Helicobacter pylori infection and inflammatory bowel disease: a crosstalk between upper and lower digestive tract

Abstract

Helicobacter pylori has coexisted with humans for approximately 60,000 years and greater than 50% of the global population is infected with H. pylori. H. pylori was successfully cultured in vitro in 1983 and studies of H. pylori have achieved substantial advances over the last 35 years. Since then, H. pylori has been characterized as the primary pathogenic factor for chronic gastritis, peptic ulcer, and gastric malignancy. Numerous patients have received H. pylori eradication treatment, but only 1-2% of H. pylori-infected individuals ultimately develop gastric cancer. Recently, numerous epidemiological and basic experimental studies suggested a role for chronic H. pylori infection in protecting against inflammatory bowel disease (IBD) by inducing systematic immune tolerance and suppressing inflammatory responses. Here we summarize the current research progress on the association between H. pylori and IBD, and further describe the detailed molecular mechanism underlying H. pylori-induced dendritic cells (DCs) with the tolerogenic phenotype and immunosuppressive regulatory T cells (Tregs). Based on the potential protective role of H. pylori infection on IBD, we suggest that the interaction between H. pylori and the host is complicated, and H. pylori eradication treatment should be administered with caution, especially for children and young adults.

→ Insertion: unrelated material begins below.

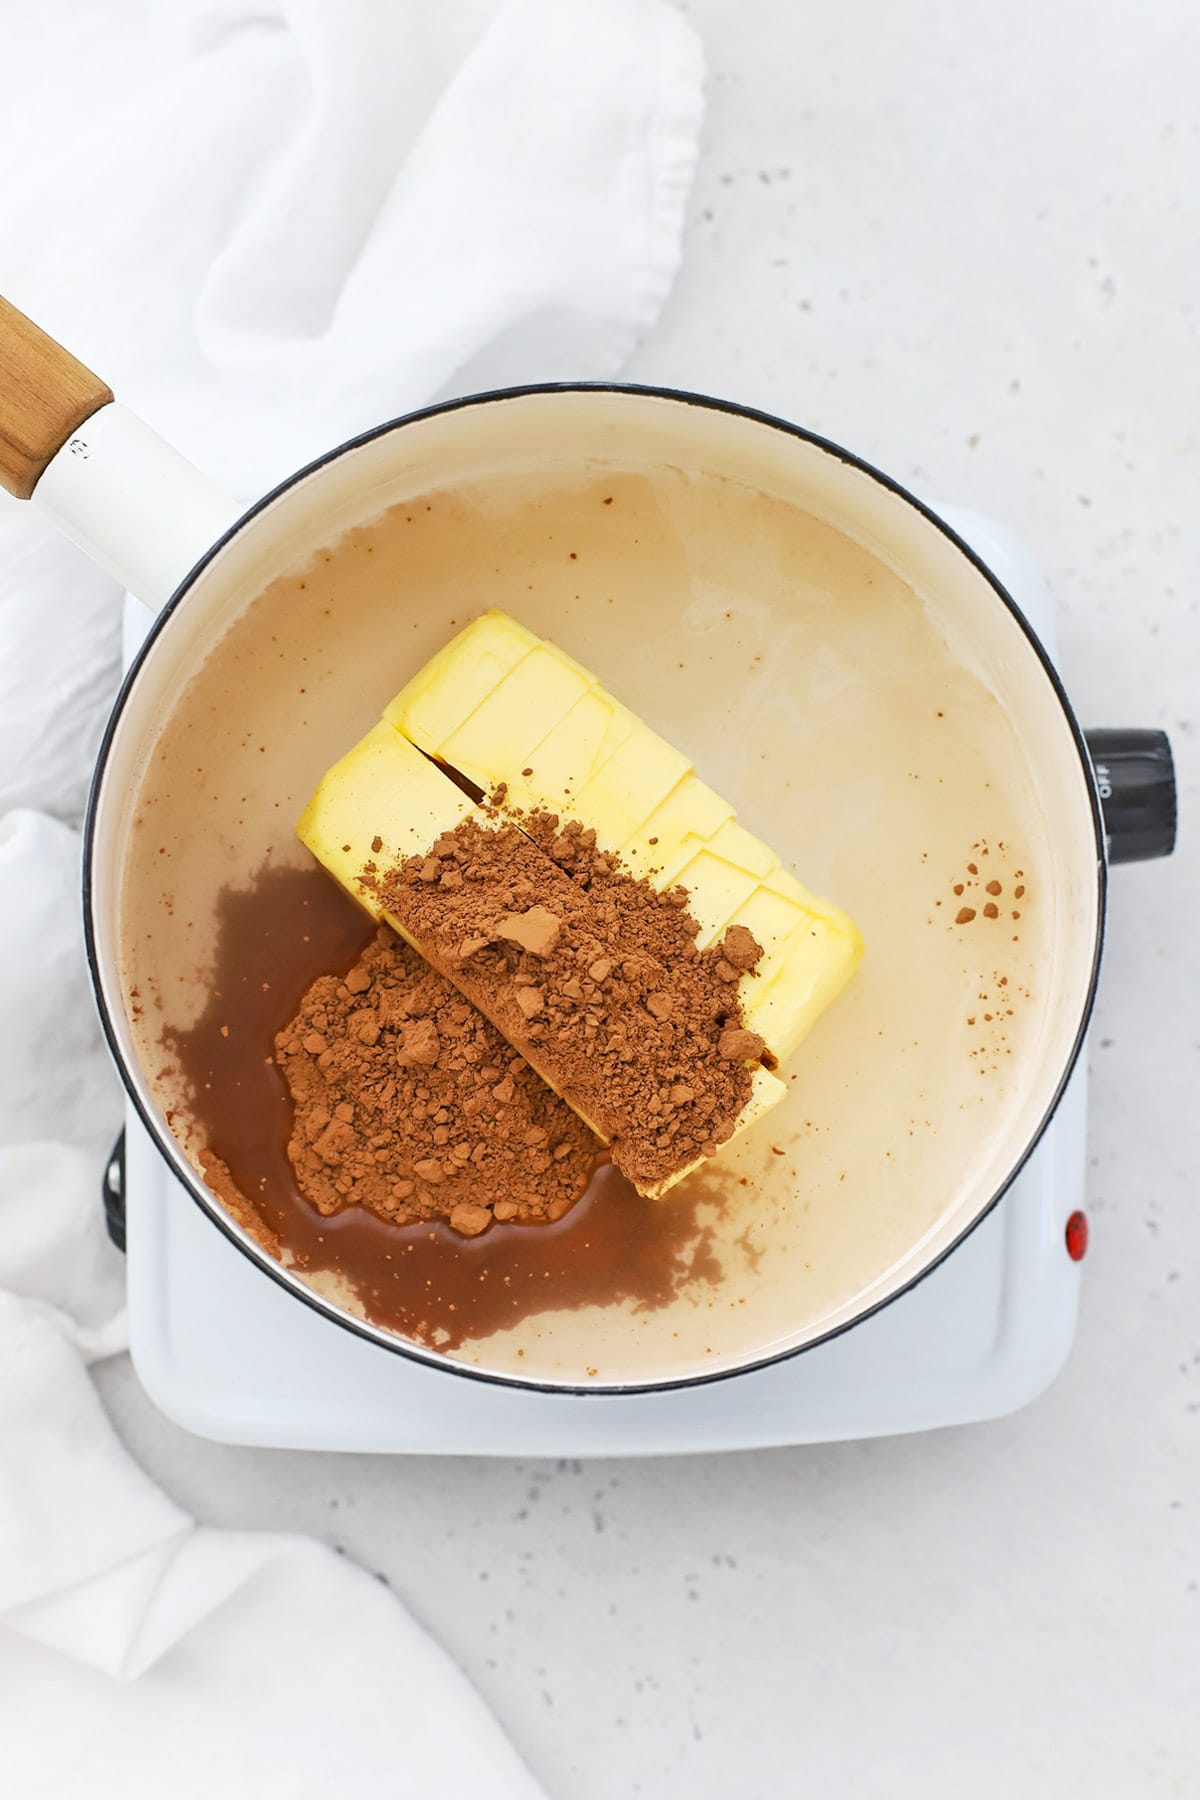 melting cocoa powder, butter, and water to make gluten-free texas sheet cake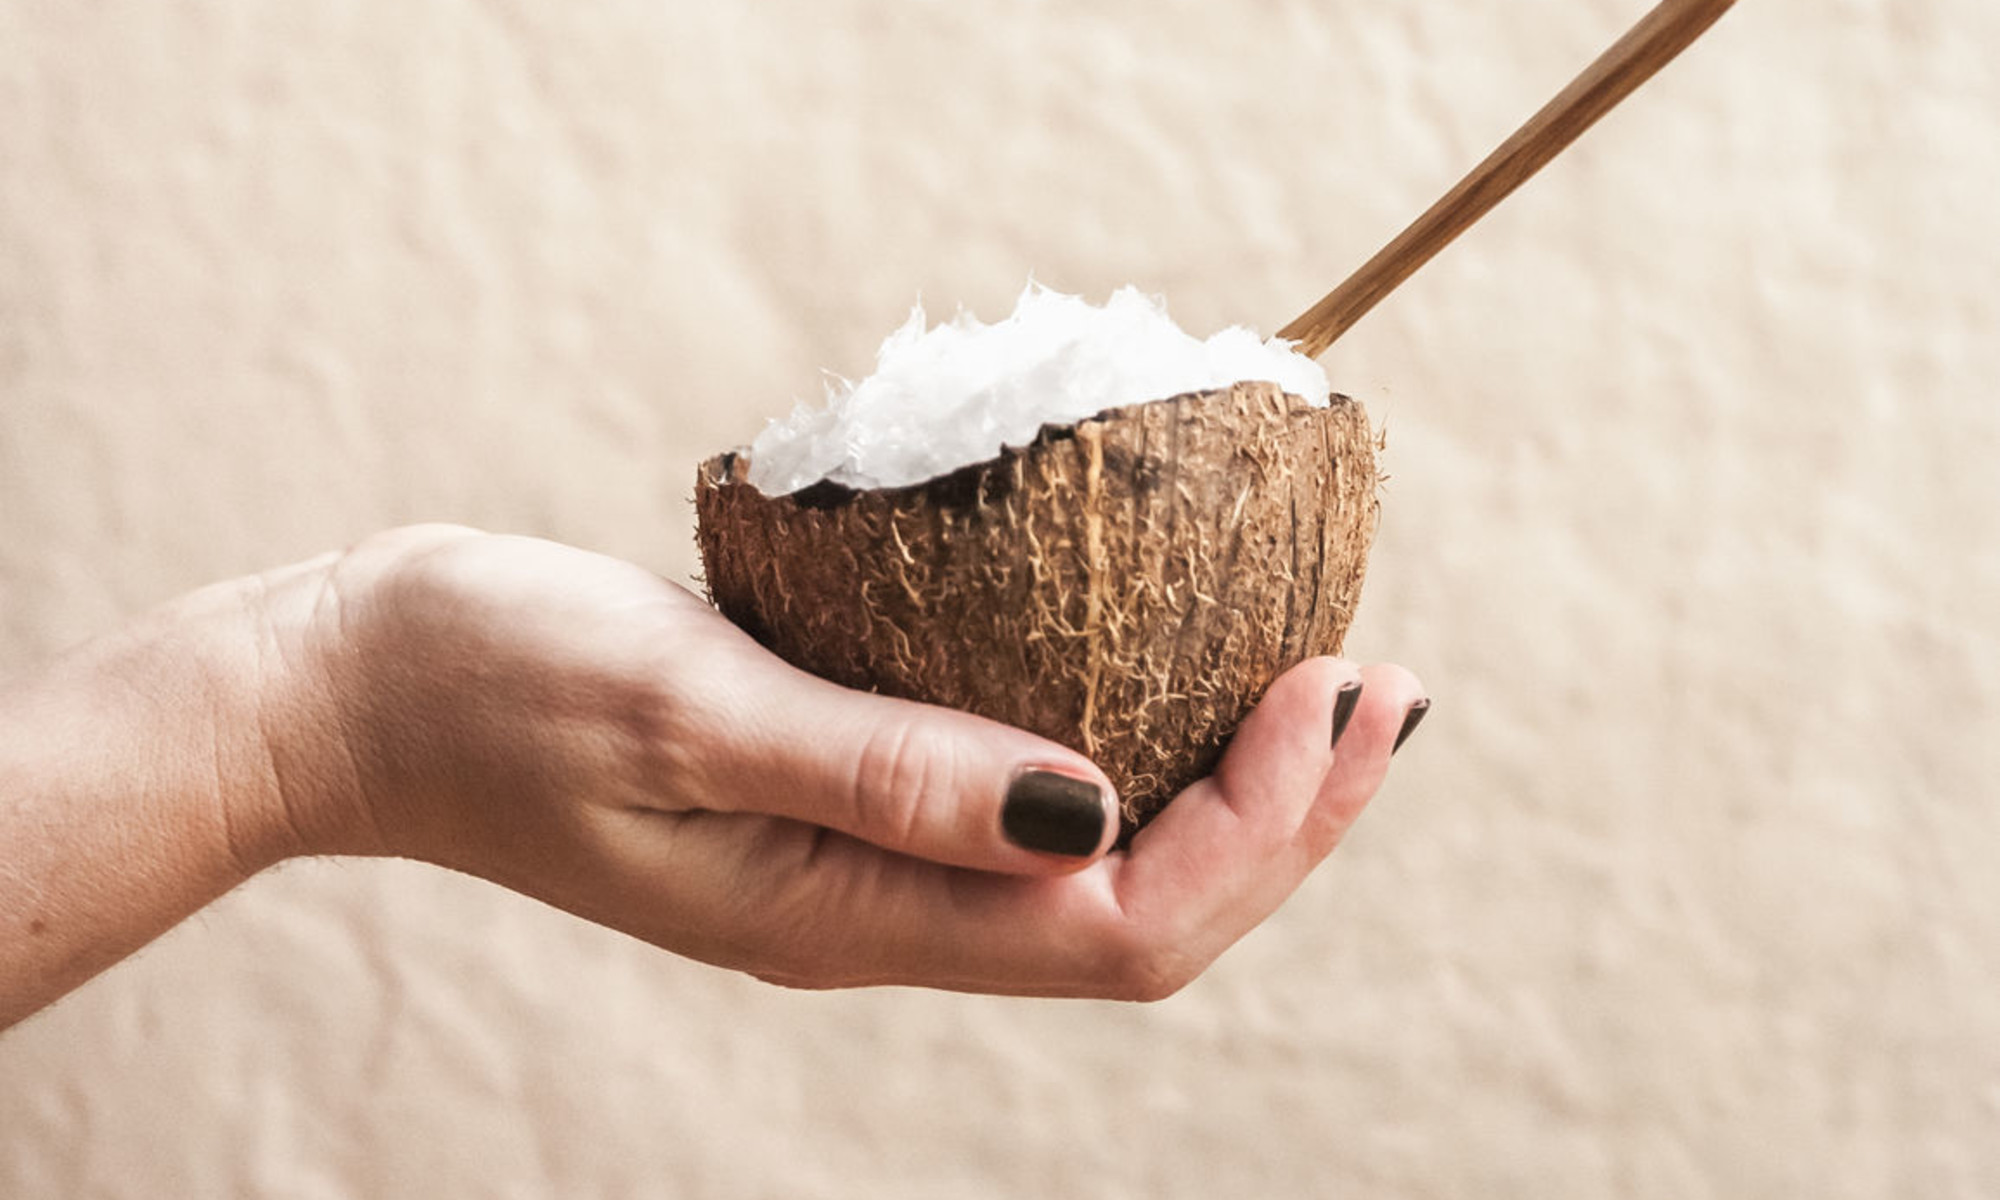 Coconut Oil As Lube Benefits, Risks and How To Use It mindbodygreen picture picture photo

Fig. 1. H. pylori infection induce tolerogenic DCs and immunosuppressive Tregs.

E. coli efficiently promotes the transformation of DCs into mature DCs expressing high levels of MHC II CD80, CD86, and CD40that produce numerous of proinflammatory factors, such as IL-12, IL-1β, IL-6, and IL-23. In contrast, H. pylori-stimulated DCs retain a semi-mature phenotype with low MHC II CD80, CD86, and CD40 expression and low proinflammatory factor secretion. Semi-mature DCs secrete increased levels of IL-10, TGF-β, and IL-18, a process that is required for the differentiation of immunosuppressive Tregs, rather than Th1 or Th17 cells from naive Th0 cells. Through lymphocyte recirculation mechanisms, CD4 + CD25 + FoxP3 + Tregs produced in the gastric mucosa travel to other lymphoid tissues in distant organs to exert a systematic immunoregulatory effect that influences the pathogenesis of various autoimmune and allergic diseases, such as IBD and asthma. Moreover, Tregs inhibit the transformation of Th0 cells to Th1 and Th17 cells, and maintain DCs in a semi-mature status by direct contact and IL-10 and TGF-β secretion

Fig. 2. The molecular mechanism underlying the protective effect of H. pylori on IBD.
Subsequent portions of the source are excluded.